Boston, winter 2008
Winter is wet this year, which is a wonderful thing. Means a good chance we will have blankets of compact, intensely blue bluebonnets in the spring. Ditto for the companion Indian Paintbrushes.Lady Bird's seeds are not dead, only dormant, patiently waiting for rain. Lady Bird's wildflowers connect me with my good Texas roots. They make Texas significantly more bearable.
Some winters, if we get moisture and milder temperatures, you'll see lots of greenery in one shape or another--the junipers, liveoaks, yaupons are dark, hard green. Mosses are brilliant, so are various bush plants, sage, cacti and succulents. All vibrant green. Until or if a frost comes along.
Other winters, no rain, hard and long freezes, ice storms, all the flora is pruned by mother nature, dead branches everywhere and vigorous spring growth unless the drought persists. Then it's spindly, faded, sparse, pretty much god-awful pitiful.
But that's not what I've been thinking about all day. I think about weather all the time, actually--I drive/bus/ walk to and from work, and drive/walk to and from rehearsals. So I'm out in it. The truth is, even though looking through my last, scarce posts, seeing how many were about people I've lost in the last year, I feel amazingly, vitally, alive.
Plus the Capricorn stuff. Winter Solstice. That first spark of light. Winter is the Night of the Anticipated Awakening, summer is the Night of the Long Dance. Winter ignites some drive in me to cover ground. Walking, climbing, hiking. New Years Day is to outdoor adventures as the 4th of July is to fireworks. Summer is mostly just freakin' hot. My brain functions best in the 34-70 degree range. I concur with Robert Frost on the ice thing.
And The Christmas stuff. Not Christmas stuff, The Christmas stuff. This winter I am free of old losses that pretty much took the joy out of Christmas for too many years. This winter I sang Messiah for the 39th or 40th time, after taking a 12 year break. It was deeply healing, especially with David Stevens, in Baroque performance style, with the Austin Symphony. A slimmed-down, agile version that showcased the instrumentalists and singers, energized rather than stupefied the audience. Sitting through the complete Messiah can be like sitting through one night of Wagner's Ring (3-4 hours).
Which reminded me of past winter concerts, some with Concert Royale--all baroque instruments, Baroque tuning (slightly lower pitch), creamy-dreamy to sing with. Another endorphin boost. I heart the Baroque.

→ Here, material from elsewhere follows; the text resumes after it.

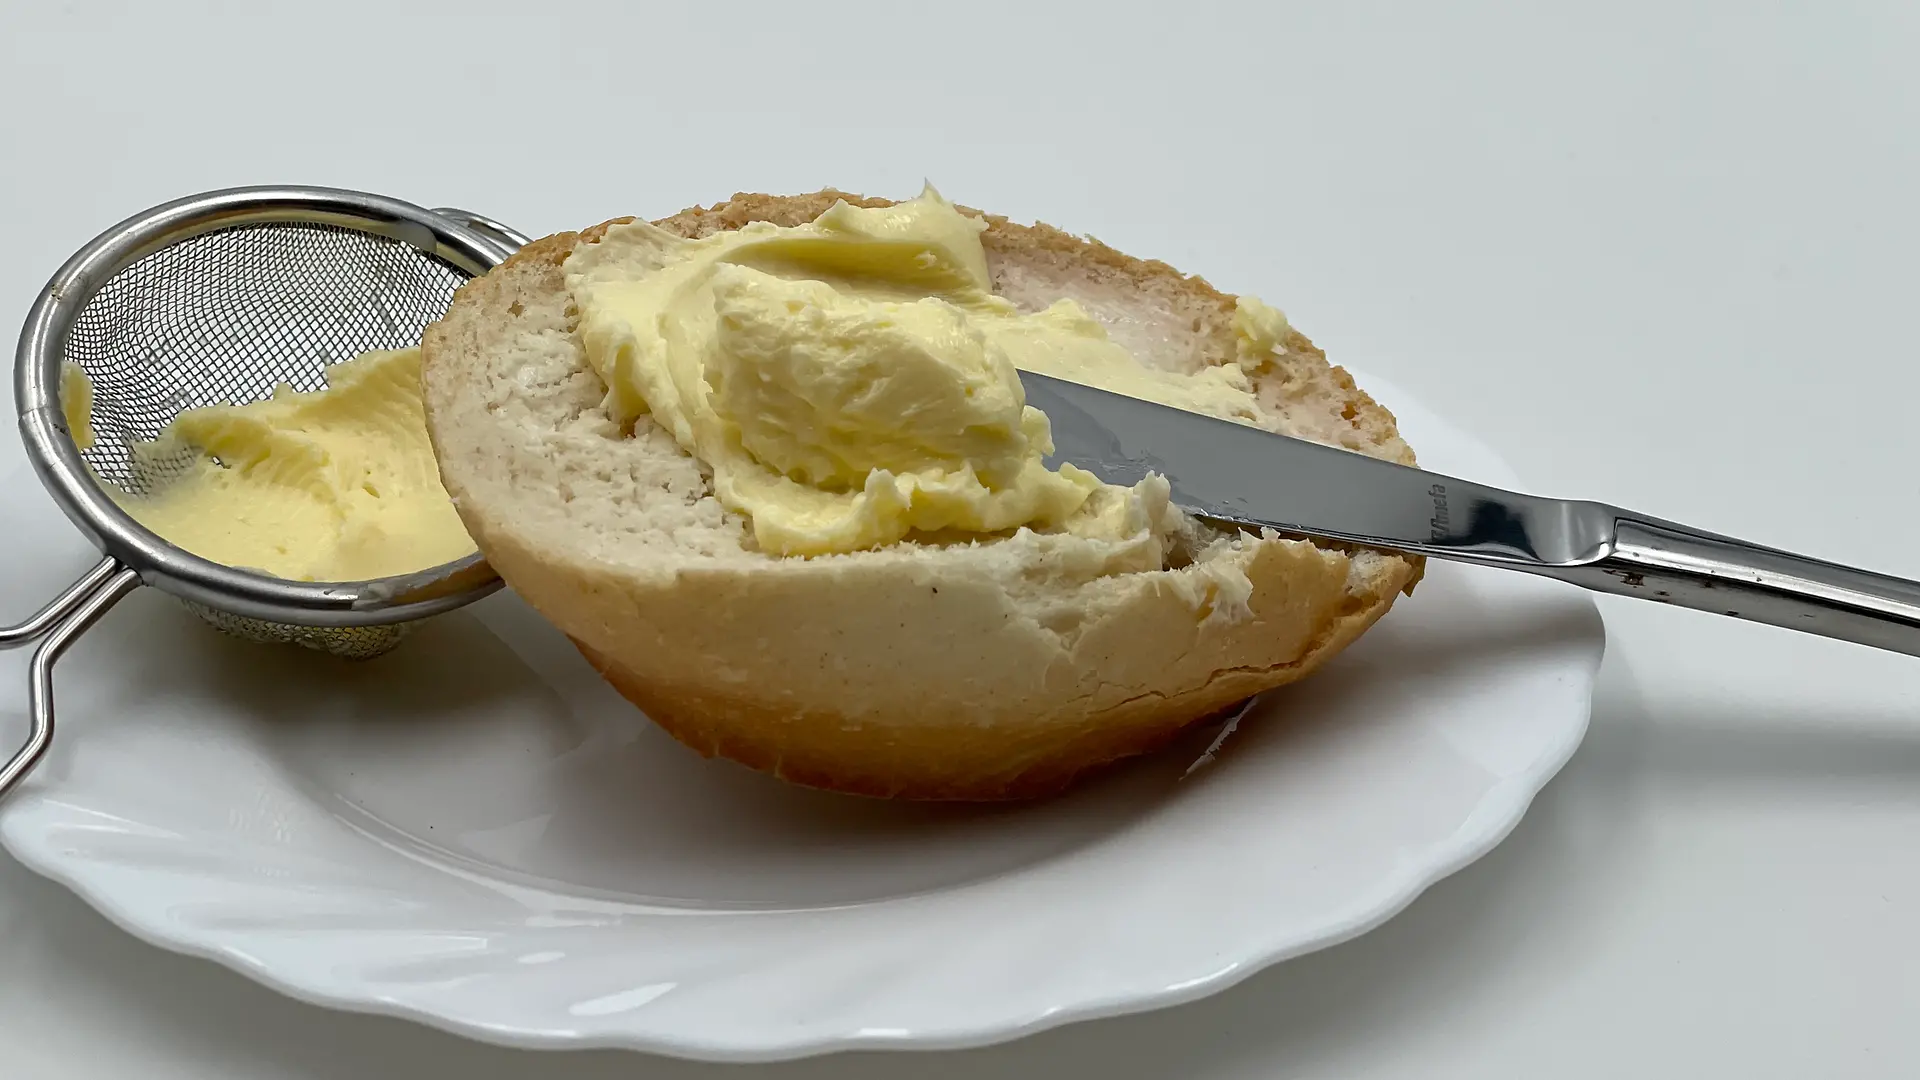 Buttered bun with knife on a plate next to a sieve with butter

Savoring all the liquid runs, insanely grateful that I'd walked up and down that pinche hill to and from the Tower long enough to have the breath to pull off those lacy, long sixteenth note passages. Handel didn't slight his altos. Or his violas, or any of the interior voices, vocal or instrumental.
So that's another sign of how winter vitalizes me. I perform best when it's cool. Doing super-hard music is physically demanding. It's kind of amazing to register the mental/physical balance doing music all my life. As a child, it was mentally challenging, physically insignificant. As I age, it's less mentally challenging, but physically difficult (think standing stock still for 30-45 minutes at a time, holding a folder heavy with music, doing mad deep-breathing and sound production, while consummately focusing on a director's every demand).
Lately, the mental/physical has fused into a transcendental state. By now, I have all the major works memorized (that happens if you perform a lot), and I can dispense with a lot of little things that can distract you--the printed music, for one thing. You can attend to tuning, to how your line weaves above and frequently below the tenor line. How you and a soprano become a pair of birds, sweetly swooping and trilling in parallel major thirds (think the duet from Lakme').
Brings us right back around to Rocky Woo-Woo Land. "Support from your diaphragm" becomes "use your core" in today's vernacular. That's the music lesson for today, folks!